O machismo exercido pela sociedade como um todo, inclusive por mulheres, tem contribuído para a proliferação da violência. Reis esclarece que por ano acontecem 500.000 estupros em nosso país, e em 2017 houve um aumento de 325% nos casos de cárcere privado, incluindo a cidade de Contagem, portanto, há a necessidade de leis para coibir esses tipos de violência. Segundo ela, 503 mulheres sofrem violência doméstica no Brasil; 164 mulheres são estupradas todos os dias, na rua ou em casa, pois toda relação ainda que com o seu namorado/marido ou companheiro, se te machuca, se não te dá prazer, se você disse não reiteradas vezes, é estupro. As mulheres que não cumprem o papel imposto pela sociedade, seja não cuidando da casa e dos filhos como deveria, seja se negando a ter relações sexuais com o marido ou até mesmo se dedicando a cuidar do seu corpo e intelecto, são consideradas provocadoras da ira dos homens e portanto merecem ser violentadas.
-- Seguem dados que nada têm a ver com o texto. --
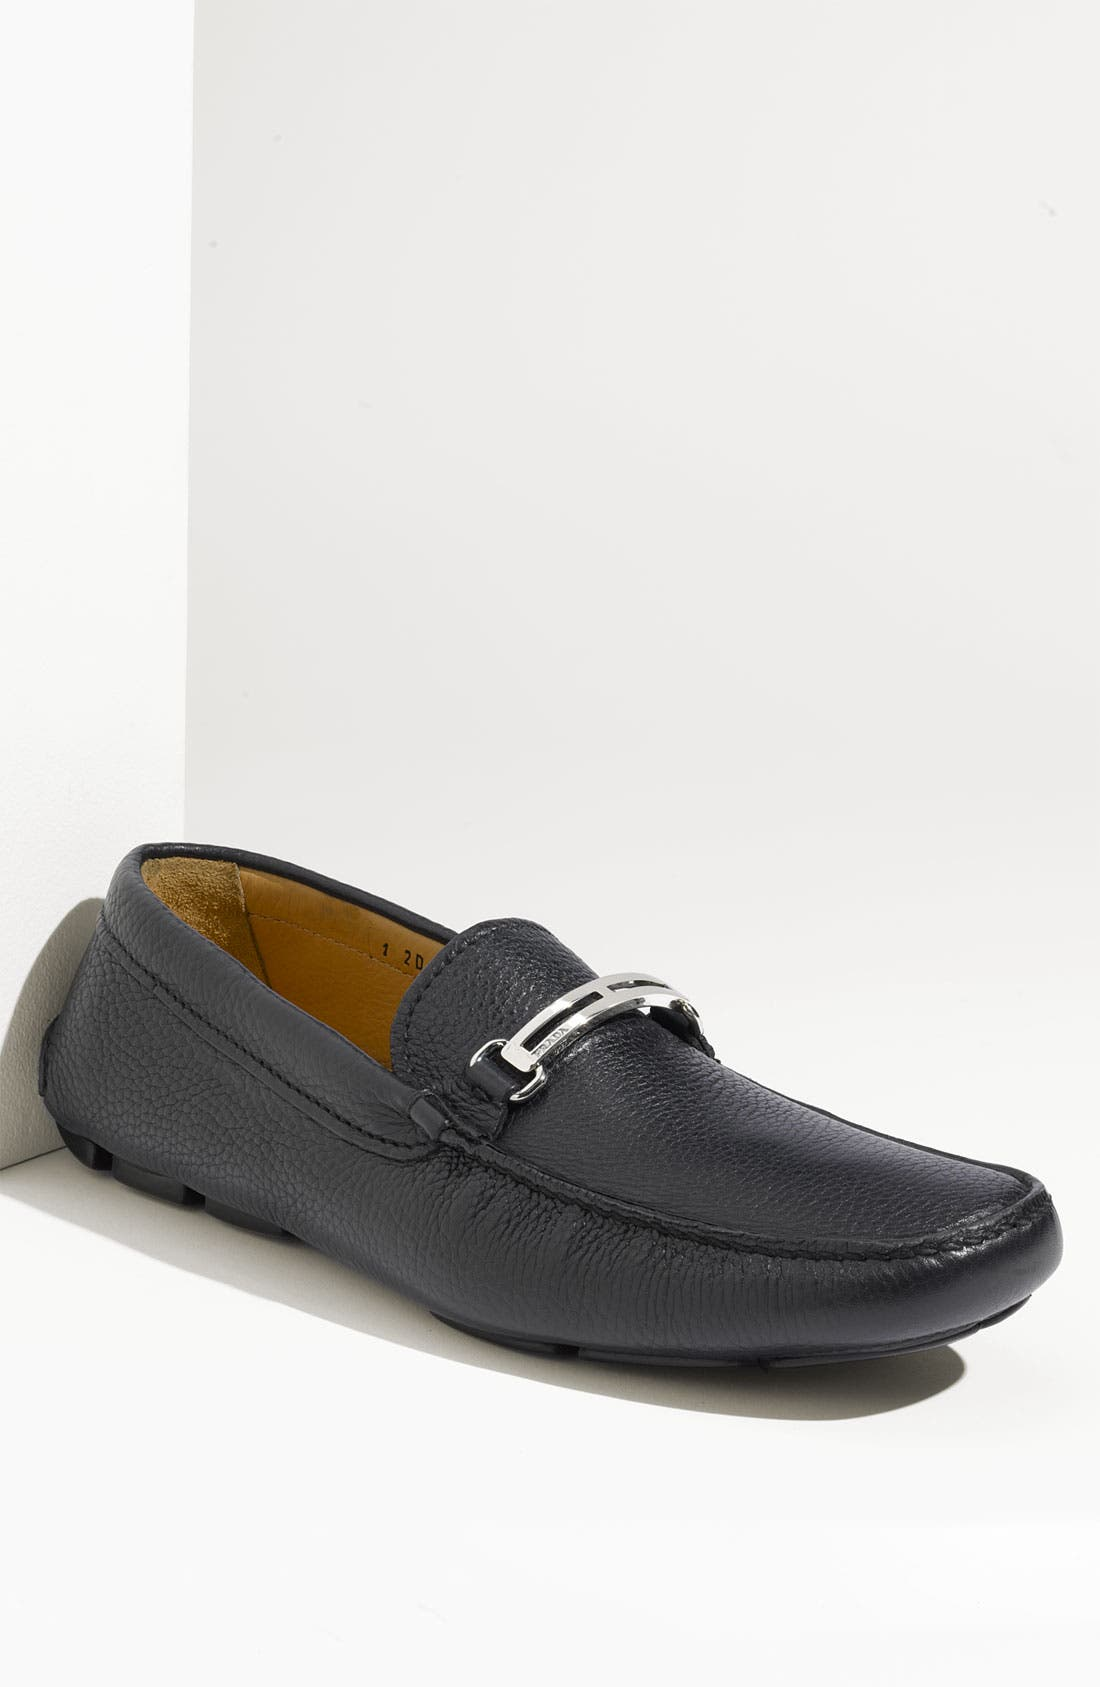 Alternate Image 1 Selected - Prada Driving Shoe (Men) (Nordstrom Exclusive)

A mulher é tida como afetiva, mas assexuada, devendo ocupar os papéis de mãe, esposa, dona-de-casa, realizando-se através dos outros. É convencida de sua vocação materna natural e conduzida ao território da vida doméstica. Aquelas que não agissem dessa forma eram vistas como anormais, pecadoras, criminosas, desobedecendo à ordem natural das coisas e pondo em risco todo o futuro da nação. (BARRETO, 2013, p. 75 e 76)
Chagas chama a atenção dizendo que precisamos ficar atentos aos sinais que essas vítimas nos apresentam, sem deixar nos influenciar pelas aparências, pois a pessoa que agride se mostra completamente diferente do que é realmente, e esse fato de o agressor ter um comportamento diferenciado com as outras pessoas faz com que as vítimas tenham medo de denunciá-los, pois na maioria das vezes não há testemunhas das agressões, e também há o fato do despreparo no atendimento por parte dos agentes incumbidos da resolução do problema, quando uma mulher se dirige aos órgãos públicos para fazer a denúncia. Advogadas e psicólogas relatam que quando estão acompanhando as vítimas para fazer a denúncia, ainda hoje, se deparam com agentes públicos despreparados e machistas que passam a questionar as vítimas sobre o seu papel como mulher, sobre suas vestimentas, seu comportamento, enfim, como se fossem as responsáveis pelos abusos sofridos.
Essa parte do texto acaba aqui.